The US Food and Drug Administration (FDA) has approved Wayrilz (Rilzabrutinib) for adults with persistent or chronic immune thrombocytopenia (ITP) who have had an insufficient response to a previous treatment. The approval was based on the pivotal LUNA 3 phase-III study, in which Wayrilz met the primary and secondary endpoints, showing a positive impact on sustained platelet counts and other ITP symptoms.

“The burden of immune thrombocytopenia can be both physical and emotional, with significant overlooked symptoms that can impact various aspects of daily living. We are pleased to have a new treatment option that can help ease the ongoing strain of managing the disease for patients and their families," said Caroline Kruse, President and CEO, Platelet Disorder Support Association.

As a novel oral, reversible, Bruton’s Tyrosine Kinase (BTK) inhibitor, Wayrilz can help address the root causes of ITP through multi-immune modulation, targeting different pathways across the immune system.

“With its differentiated mechanism of action, Wayrilz has the potential to become a treatment of choice for immune thrombocytopenia patients who have not responded to a prior therapy. Its multi-immune modulation approach shows promise in addressing the key drivers of immune thrombocytopenia, which aligns with Sanofi's commitment to adapt and evolve therapeutic solutions to help tackle ongoing unmet patient needs. This approval underscores Sanofi's expertise and ambitions at the junction of rare and immunological disease," said Brian Foard, Executive Vice President, Head – Specialty Care, Sanofi.  

The LUNA 3 phase-III study, presented at the 66th American Society of Hematology Annual Meeting and Exposition, evaluated the efficacy and safety of Wayrilz compared to placebo in adults (n=202) with persistent or chronic ITP. Patients who achieved platelet count response at 12 weeks were eligible to continue the full 24-week double-blind period (64 percent of patients in the Wayrilz arm and 32 per cent of patients in the placebo arm).

Patients treated with Wayrilz demonstrated better outcomes compared to those receiving placebo, according to data released alongside the US FDA approval. At week 25, 23 percent of patients in the Wayrilz arm achieved a statistically significant durable platelet response versus none in the placebo group (p<0.0001). The median time to first platelet response was also faster at 36 days, compared with ‘not reached’ in the placebo arm (p<0.0001). The duration of platelet response averaged seven weeks with Wayrilz versus less than one week for placebo.

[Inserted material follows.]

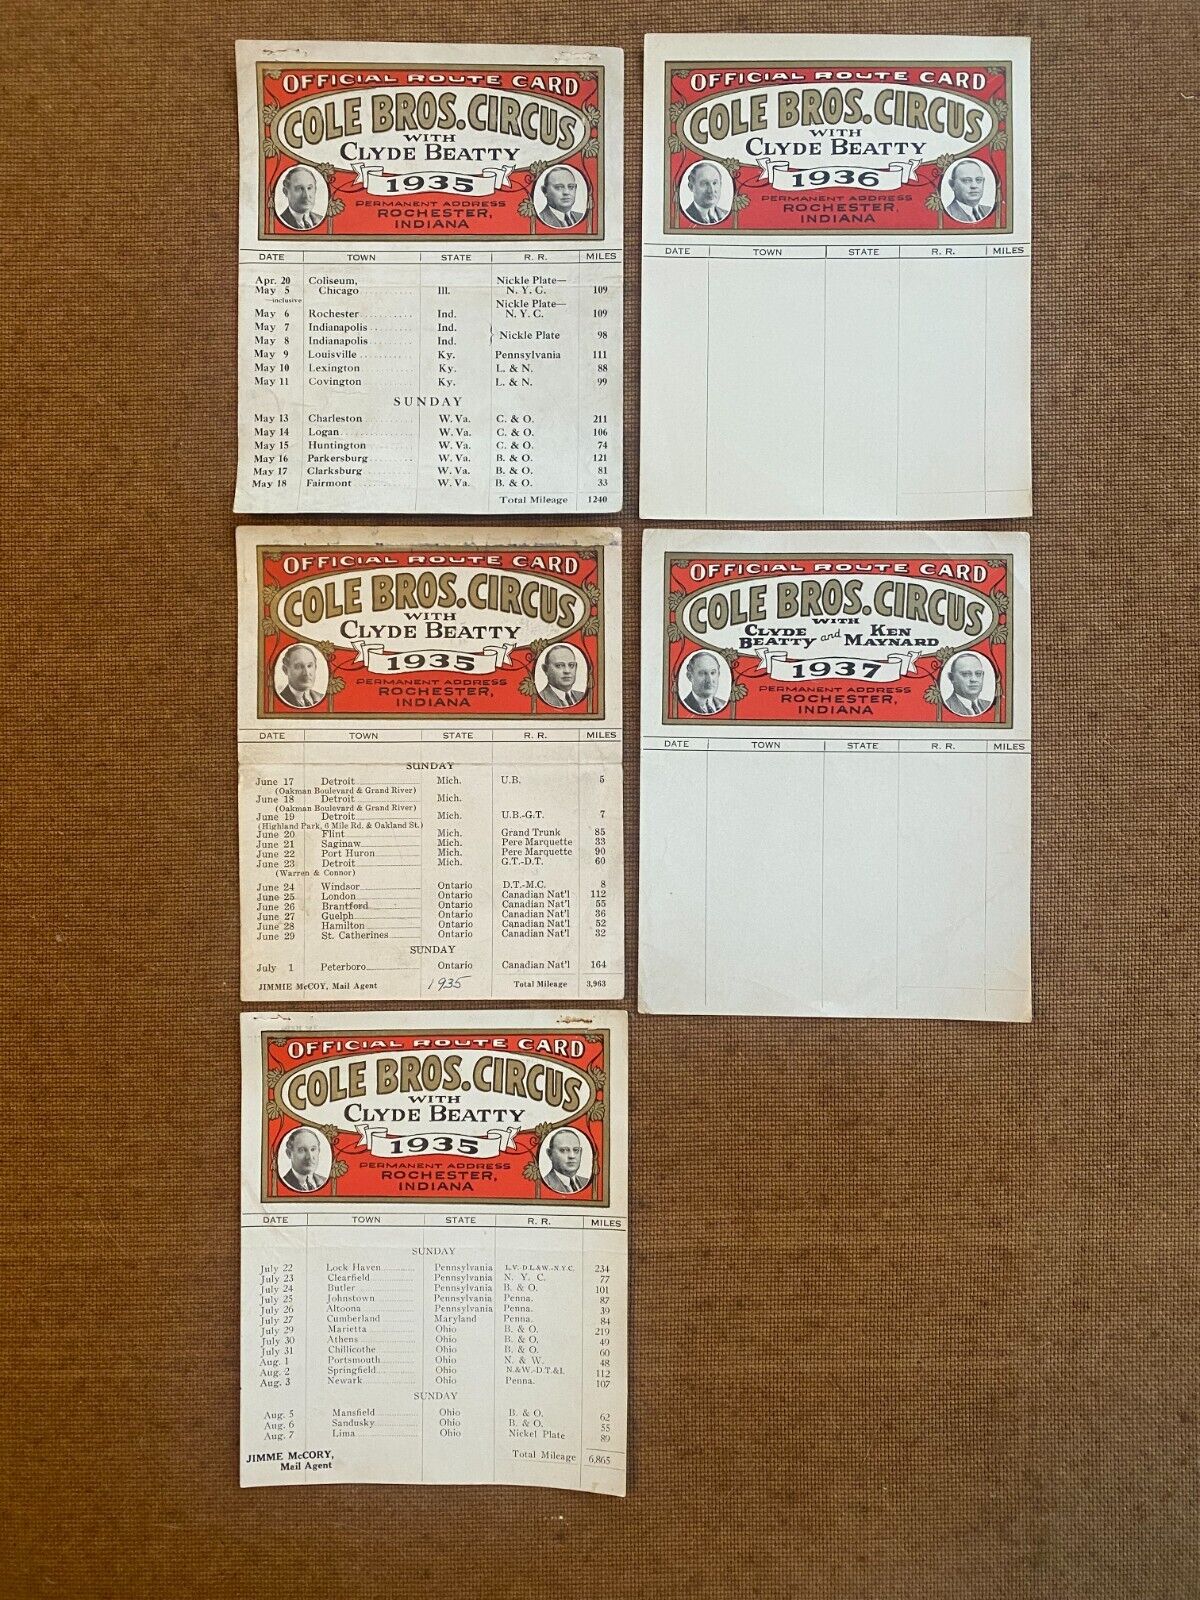 Lot of 5 Vintage Cole Bros Circus Clyde Beatty Old Route Cards 1935 1936 1937

In addition to efficacy, patients reported meaningful improvements in quality of life. Based on The Immune Thrombocytopenia Patient Assessment Questionnaire, those receiving Wayrilz saw a 10.6-point improvement across nine health-related quality of life measures, compared with a 2.3-point increase in the placebo arm. These results were descriptive and not powered for statistical significance.

The most common adverse reactions observed in ≥10 per cent of patients were diarrhoea, nausea, headache, abdominal pain and COVID-19.

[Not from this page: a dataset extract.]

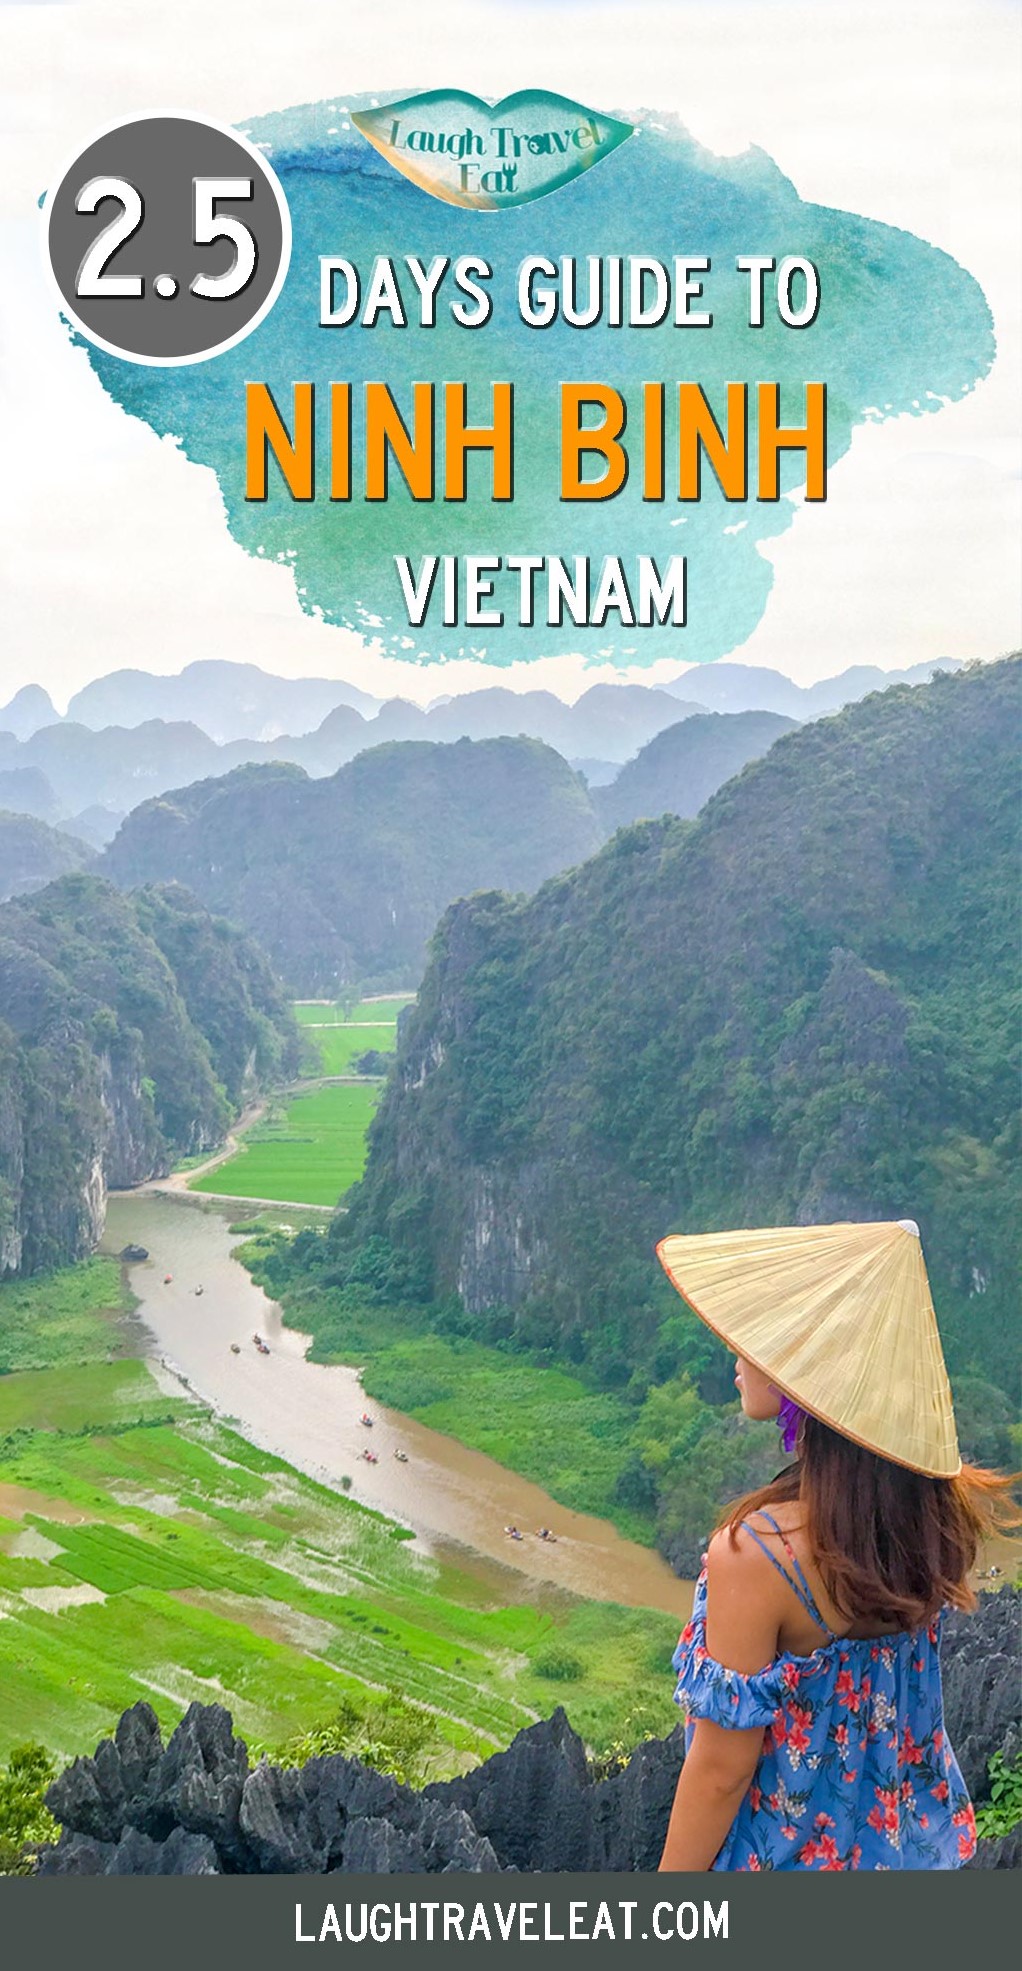 Two hours south of Hanoi, Ninh Binh is known as Halong Bay on land with the same beautiful karst mountains between rivers and rice paddies: #vietnam #ninhbinh

“Traditionally, immune thrombocytopenia management has focused on restoring platelet counts and reducing bleeding risk, which, for some patients, may result in sub-optimal responses, persistent symptoms, or unacceptable treatment complications.  Through multi-immune modulation, Wayrilz can offer a new option for patients, including those who fail steroids or do not respond to the existing treatment,” said David Kuter, MD, Director–Clinical Hematology, Massachusetts General Hospital and Professor–Medicine, Harvard Medical School, and study author.

Wayrilz had previously been approved in the United Arab Emirates (UAE) in June 2025 for adults with persistent or chronic ITP who had an insufficient response or intolerance to prior therapy. Regulatory reviews are ongoing in the European Union (EU) and China.

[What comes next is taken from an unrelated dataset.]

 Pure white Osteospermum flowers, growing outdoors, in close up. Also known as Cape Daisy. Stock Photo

The therapy has also received multiple designations from the FDA, including Fast Track and Orphan Drug Designation (ODD) for ITP. Additional ODDs were recently granted for three other rare diseases—warm autoimmune hemolytic anemia (wAIHA), IgG4-related disease (IgG4-RD), and Sickle Cell Disease (SCD). In IgG4-RD, Wayrilz has also been granted FDA Fast Track Designation and EMA orphan designation.

Patients prescribed Wayrilz in the US will be able to access Sanofi’s HemAssist programme, which provides support across the company’s rare blood disorder portfolio. The programme helps patients navigate insurance coverage, financial assistance and educational resources.